Indeed. But I suspect it is not going to be a neat falling-dominos effect, as it is sometimes explained, starting with one tripping station and then a cascade across the whole line until all the dominos are flat.
In reality, it is more like the dominos is stacked in various interconnecting patterns across a large floor, and they will start falling from multiple points. At the same time, everyone who is NRS048 compliant will also disconnect their loads from the grid, so you have a simultaneous process of power stations AND loads disconnecting, or in the domino scenario: There is a second process that runs concurrently to stop more dominos from falling.

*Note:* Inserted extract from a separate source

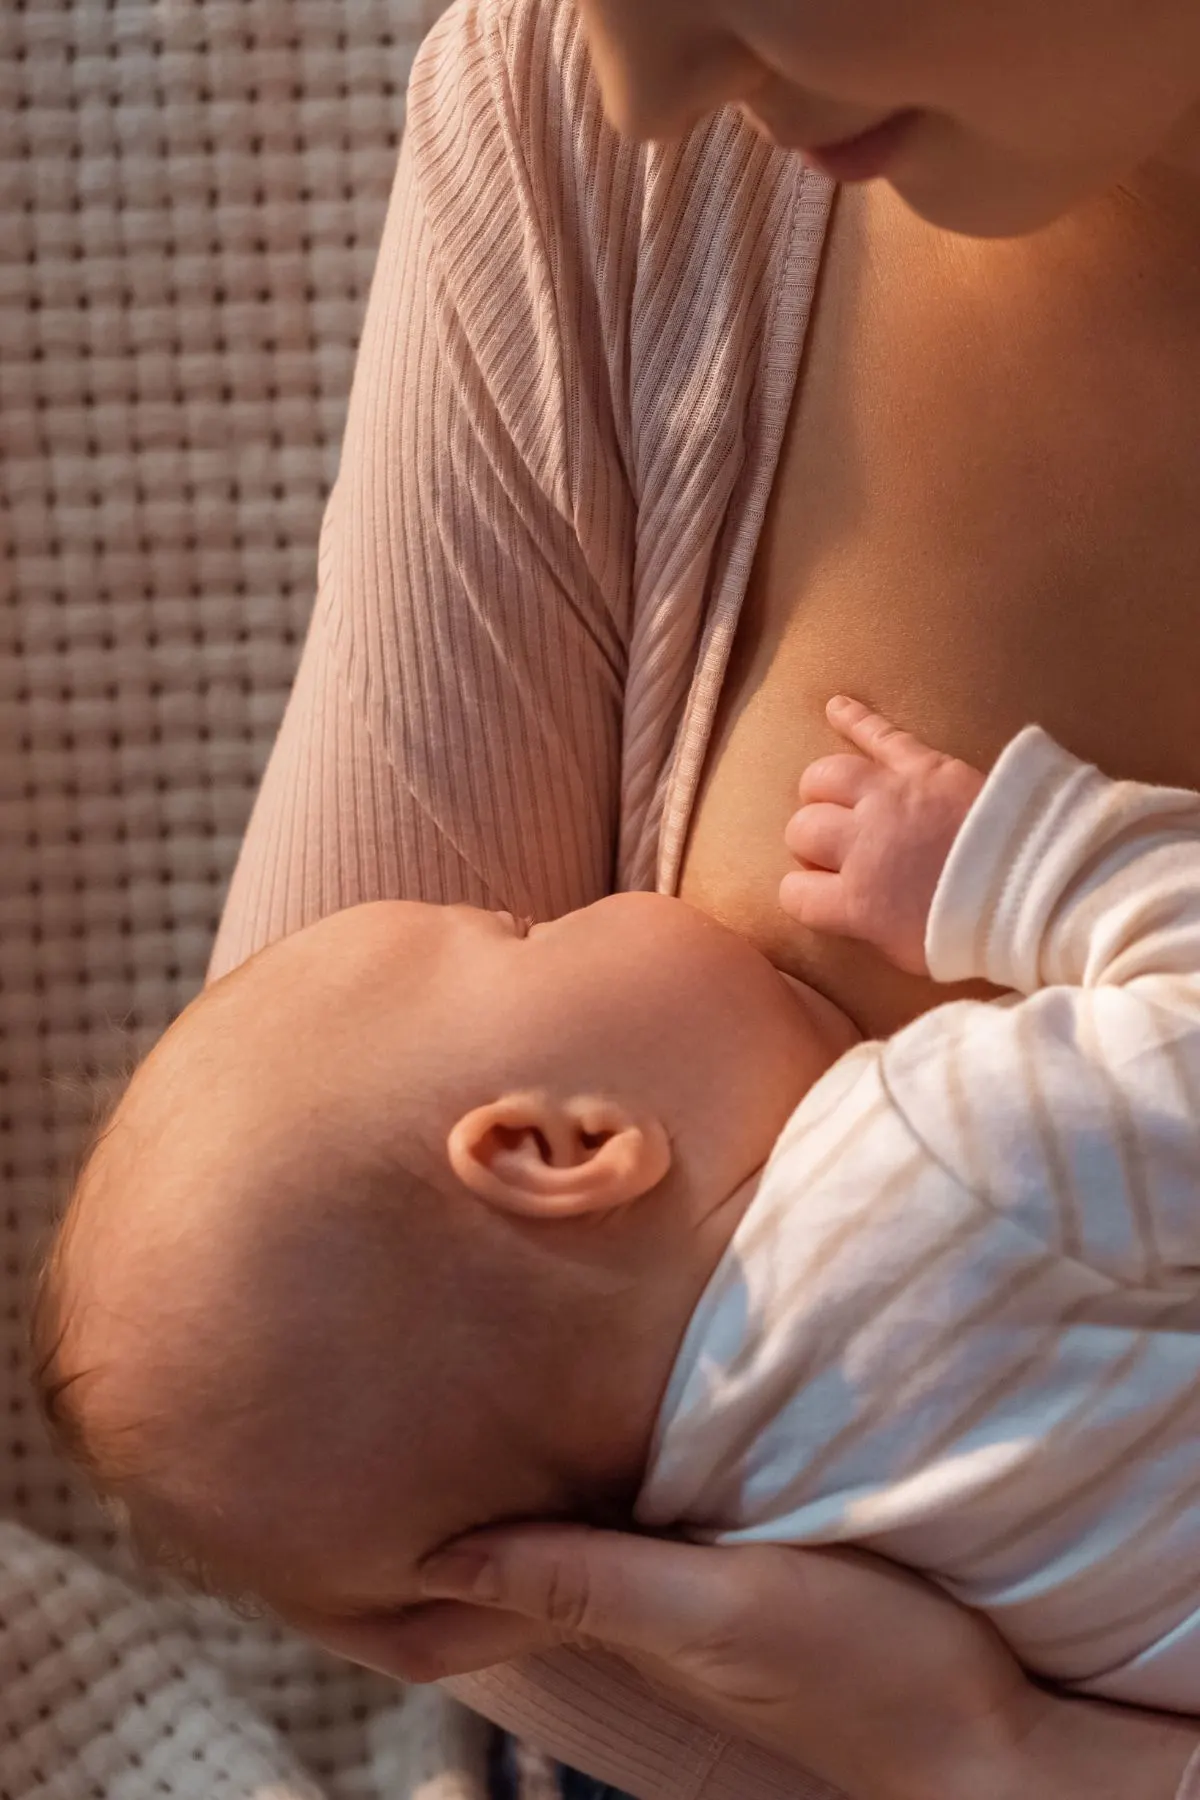 A mom in a pink cardigan breastfeeding her baby girl in a dimly lit room.

The result is likely going to be a state of equilibruim, where some power stations still run, and some loads are still supplied. Or to stick with the analogy, when the dust settles, some dominos will still be standing.
Then everything has to be slowly added back. And that is indeed the best worst-case scenario.
Again, that is where one can miss salient titbits. It is about what Futuregrowth said … Intellidex director Peter Attard Montalto … and “Grid collapse” being highly unlikely.
You then went ahead and started talking about gid collapse. Feuling fears.
The point I’m making, above stage 6 and it looks “bad”, could trigger FEARS of grid collapse for investors and financial markets …
Actual “Grid Collapse”, most probably anarchy after ±24-36h.
In other news … damn close to 12h off.
… and just to P me off, there is another cold front moving in over Cpt this weekend …
I get it, I was adding on to this. People think a high stage of load shedding means we’re getting closer to grid collapse. That is actually not the case at all. In some ways, the higher the stage, the further we are away from collapse. We drop loads precisely to avoid the possibility of collapse.
The way the narrative is peddled actually scares investors away, which is really unnecessary.
Your assumption is that both sides are balanced NRS loads and Generator side. Likely (my best guess with some inside view from the past admittedly) this is not the case. In tripping, there are a lot of small variance, not all plant will trip at exactly the same level, way more nuanced than that.
Problem being the following 2 scenarios:
The Simmerpan control managing the Generation and Demand side has some type of oversight/bad planning/failure and they fail to manage the load and reduce it to keep the Freq in limits. When the first generator goes wall, now we have an even bigger or faster sloped Freq drop and that will cause even more generation to disconnect, cascading. Dis n wagon situate. Even when the NRS loads disconnect the slop of Freq drop may be overwhelming. This is what has happened in the past elsewhere.
The other scenario is where a bunch of generation plant disconnects in quick succession (unplanned outage trips), unlikely but not 0% and the load cannot be reduced in time to prevent Freq sag to below threshold. The overwhelming magnitude of Freq sag will case the cascading disconnects.
Oh, yes. 100%. Definitely didn’t mean it in a “eSkOm iS lYinG” way, just more of an actual vs planned if you factor in the local municipality’s infrastructure taking strain. We’ve had incoming breakers tripping, which means waiting for Eskom, overload which means waiting for the load from areas getting switched on to stabilize before switching us on, minisub broken into during loadshedding, cables stolen during loadshedding…
We’re lucky in that we can be backfed during the longer outages, but the other side of the neighbourhood is not so lucky.
There must be more to it. In March he said to embrace it, and even criticised the anti-nuclear people a bit. But it seems like he favours Russia as the supplier of such a thing in future. Mantashe doesn’t appear to be anti-nuclear, at least not in principle.
The assistance from the IAEA goes back to November last year. The DA credits itself for making it happen.
This is probably simply the ANC refusing to let the DA interfere, essentially saying: Thanks, we’ve got this in hand, don’t need your help. We already integrated your recommendations.
I think the “outrage” part here is based on the assumption that we need all the help we can get. I’m not sure that is always the case. Adding manpower to a late project tends to make it later.
If Koeberg has challenges, and this goes back to pre-Nov 2022 … then I take this with a bit of salt … “Adding manpower to a late project tends to make it later.” … and not in the flavoring sense.